Ha, that was fast!

Oh, why?

You seem very optimistic that there is going to be a post-Covid world!

There is going to be one and many. We’re not doomed and we anchor on our hopes.

But isn’t it too early to have ‘hopes’ about a post-Covid world?

Well, as the Bard sings, “True hope is swift, and flies with swallow’s wings.”

Well, Shakespeare is not an ideal candidate to quote during Covid.

Jokes apart, I’m not being falsely optimistic. All signs point towards a recovery waiting for us in the immediate horizon. There are vaccines being developed and there is significant progress on that front. The Oxford University’s ChAdOx1 nCoV-19 vaccine is being tested on human volunteers and soon there will be mass tests in Africa and South America; China has also made significant progress on its vaccine, as reports suggest. And globally, the number of cases are coming down in geographies that were once ravaged by the coronavirus.

So, there’s hope?

Indeed there is. Science is doing its bit. The rest is up to the society. In all likelihood, we have reasons to believe that the world is pretty well prepared to live with the virus for a little longer from now, despite the fact that callous policies and careless collective behaviour are causing concerns across the world. Now there is some consensus on the fact that in the short term we will be cohabiting with the coronavirus while taking care of the weak and vulnerable and letting the able and the well-off to go about their essential affairs without hassle.

Fine, but that’s not the post-Covid world.
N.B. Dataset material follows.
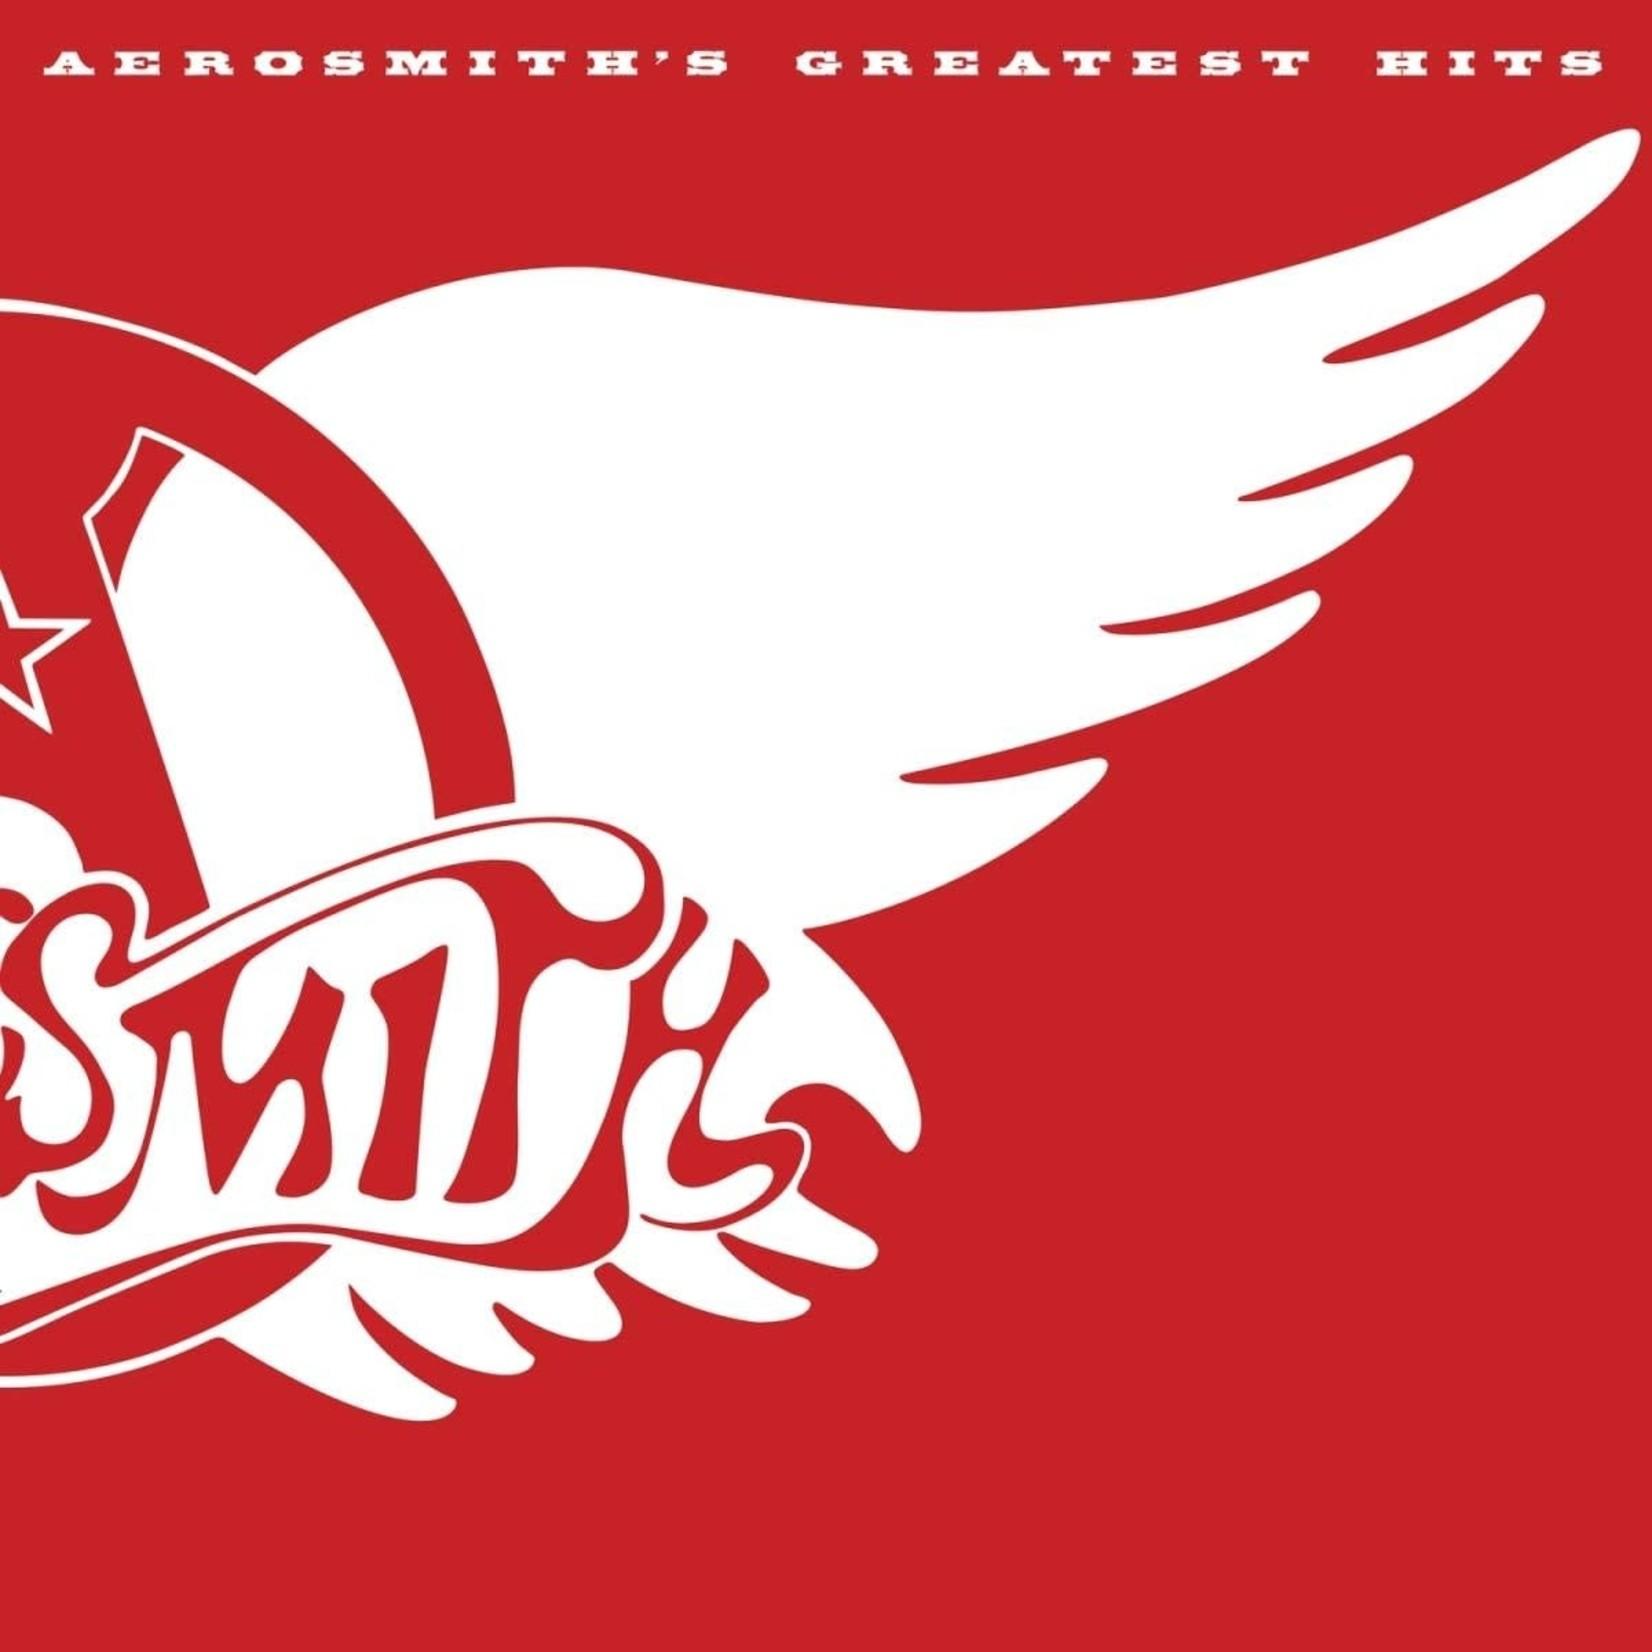 [Vintage] Aerosmith: Greatest Hits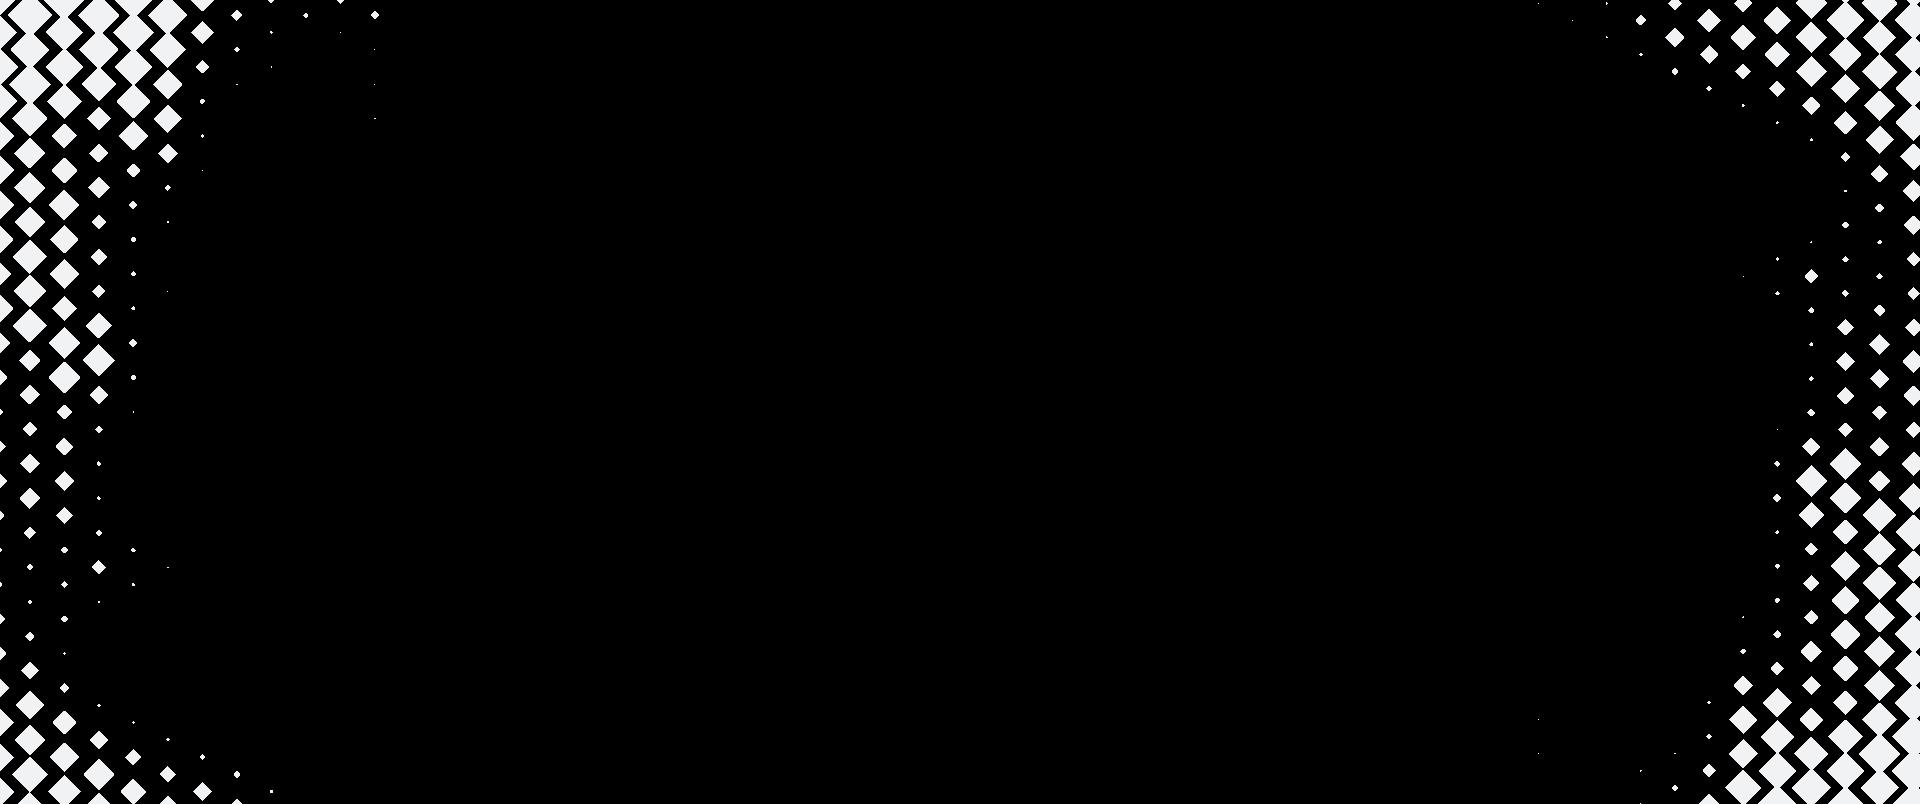 sol-bg-pattern

Agreed. But how we cohabit with Covid is going to have a telling effect on how we will build and run the post-Covid world. And in this scenario, history has some lessons for us.

Like what?

Spanish Flu throws some clues here, say historians and medical experts. The similarities between the pandemic of 1918, which many consider the deadliest in human history, are well discussed. For starters, it infected some 50 core people across the globe. Mind you, this was a third of the world’s population then. The Flu killed anywhere between two to five crore people. It started in Europe, spread to the US and parts of Asia and then became a globetrotter at will. Like today, no effective medication was available then to treat the virus. People wore masks, shut themselves out and stayed home.

So how did it end?

The Flu ended in the summer of 1919. Many of its victims died and those that were left gained immunity. It took nearly 90 years for science to figure out what was behind the deadly nature of the Flu. In 2008, scientists delineated three genes powered the Spanish Flu virus to attack and emaciate its target’s bronchial tubes and lungs and trigger bacterial pneumonia.

Ha, 90 years!

On that cue, we’re on a much stronger footing today than in 1918, when the world was going through a war. Today, there is relative peace and technology has made physical distancing much easier and science has progressed in leaps and bounds from where it stood in the early 1900s. Still, the 1918 Flu offers great learnings that can help us prepare for a post-Covid world. And one of the most important lessons is about the need to be altruistic, individually and collectively — as persons, as people, as societies and as governments.

How?

The post-Covid world will be extremely unequal given the way wealth creation has stagnated for most people in the world now. Sparing a few of the super-rich and those with reserve capital, most people are staring at blank income numbers. The UNDP’s latest estimates show that global human development (a measure that combines factors such as world’s education, health and living standards) has declined this year for the first time since the concept was developed in 1990. Several studies and reports have confirmed this impending doom. Here, governments must make sure workers, women, children and other vulnerable communities are not left in the lurch. Social security network should cover more.

How, again?

A great example is Frances Perkins. She is the architect of the New Deal that helped save America after the Great Depression. She devised robust social security and public works programmes in post-war America that helped millions of people to get out of poverty. Given that Covid-19 has exposed chinks in the public health infrastructure (even) in Europe and the US, one of the major thrust areas in the post-Covid world will be the need to enhance public health spending. Another key feature will be the dire need to go frugal in our own spending, a touch of Gandhian austerity can help there. In sum, the best vaccine that is going to help us in the post-Covid world is how compassionately we are going to take care of each other.